11.5.5 Anti-Stacking. In no event shall the combined effect of the applicable reductions pursuant to Sections 11.5.3 and 11.5.4 reduce the royalties payable to PTC below [**] percent ([**]%) of the amount otherwise payable to PTC pursuant to Section 11.5.1 or 11.5.2, as applicable. If the amount of the reduction Roche is otherwise entitled to pursuant to Sections 11.5.3 and 11.5.4 is limited by the preceding sentence, Roche shall be entitled to deduct amounts from any subsequent royalty payment(s) (subject to the [**] percent ([**]%) floor in the preceding sentence) until the entire amount of the reduction to which Roche is otherwise entitled has been so deducted.
11.5.6 Sales Prior to Regulatory Approval.
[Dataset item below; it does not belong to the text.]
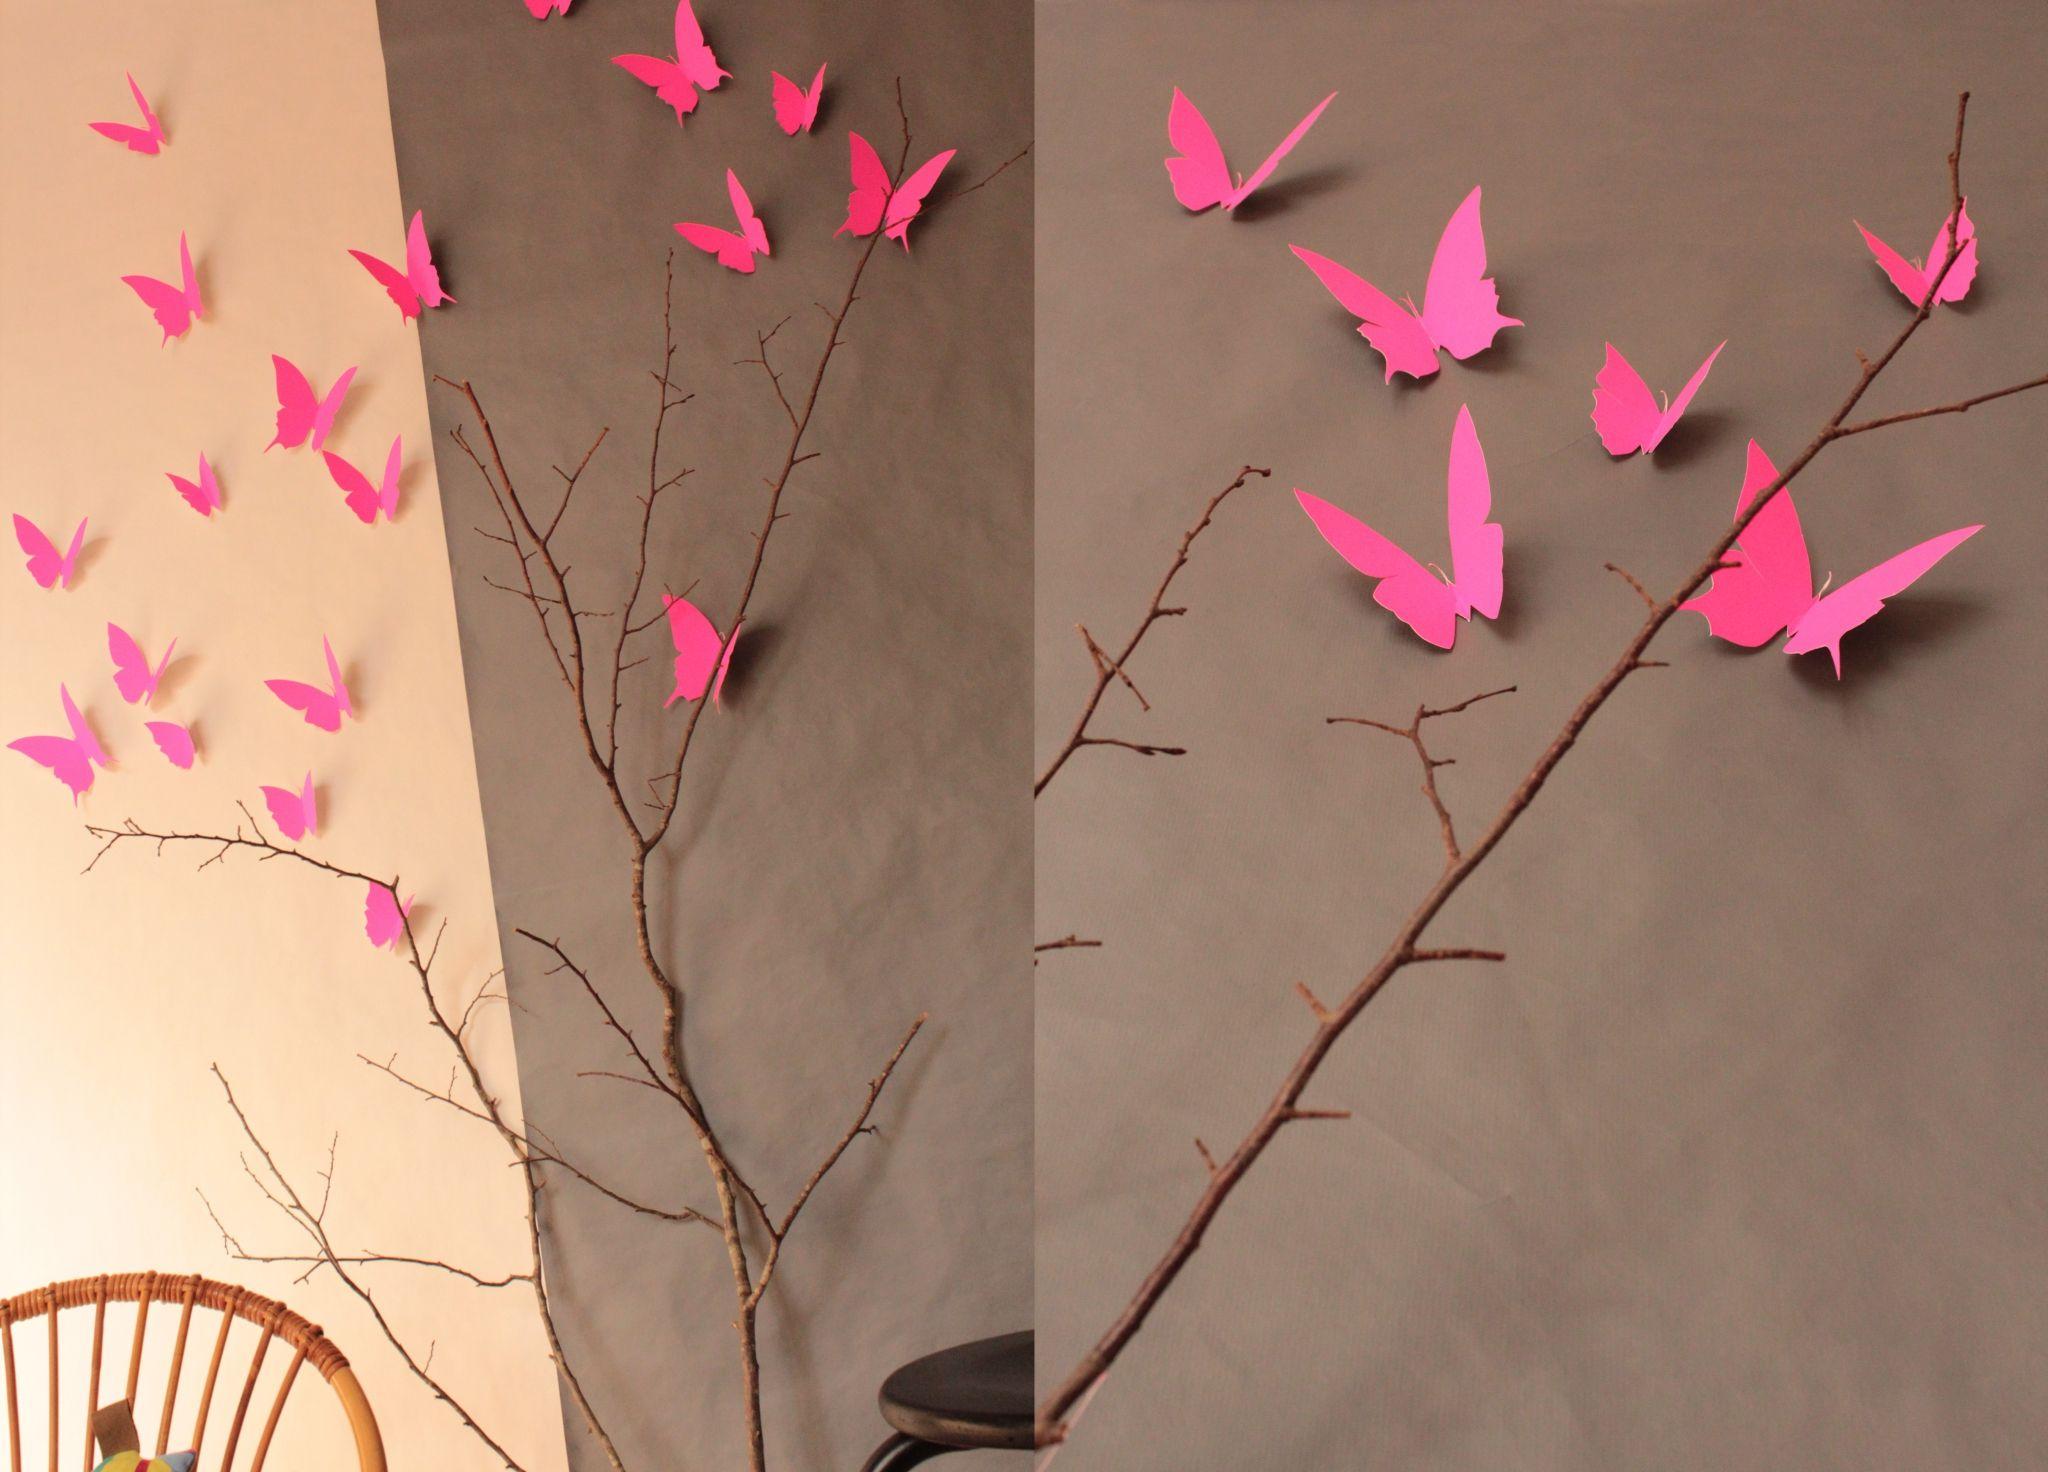 chambre rose fluo | décoration murale papier envolée de papillons ...

If any member of the Roche Group sells Product(s) to any Third Party prior to Regulatory Approval for more than nominal consideration (“Pre-Approval Sales”), then royalties shall be payable in accordance with Sections 11.5.1 through 11.5.5 with respect to Net Sales received in connection with such Pre-Approval Sales of Product(s) in the Territory by any member of the Roche Group on a country-by-country basis commencing upon the first such Pre-Approval Sale of such Product in any country in the Territory and continuing until the First Commercial Sale of such Product in such country in the Territory.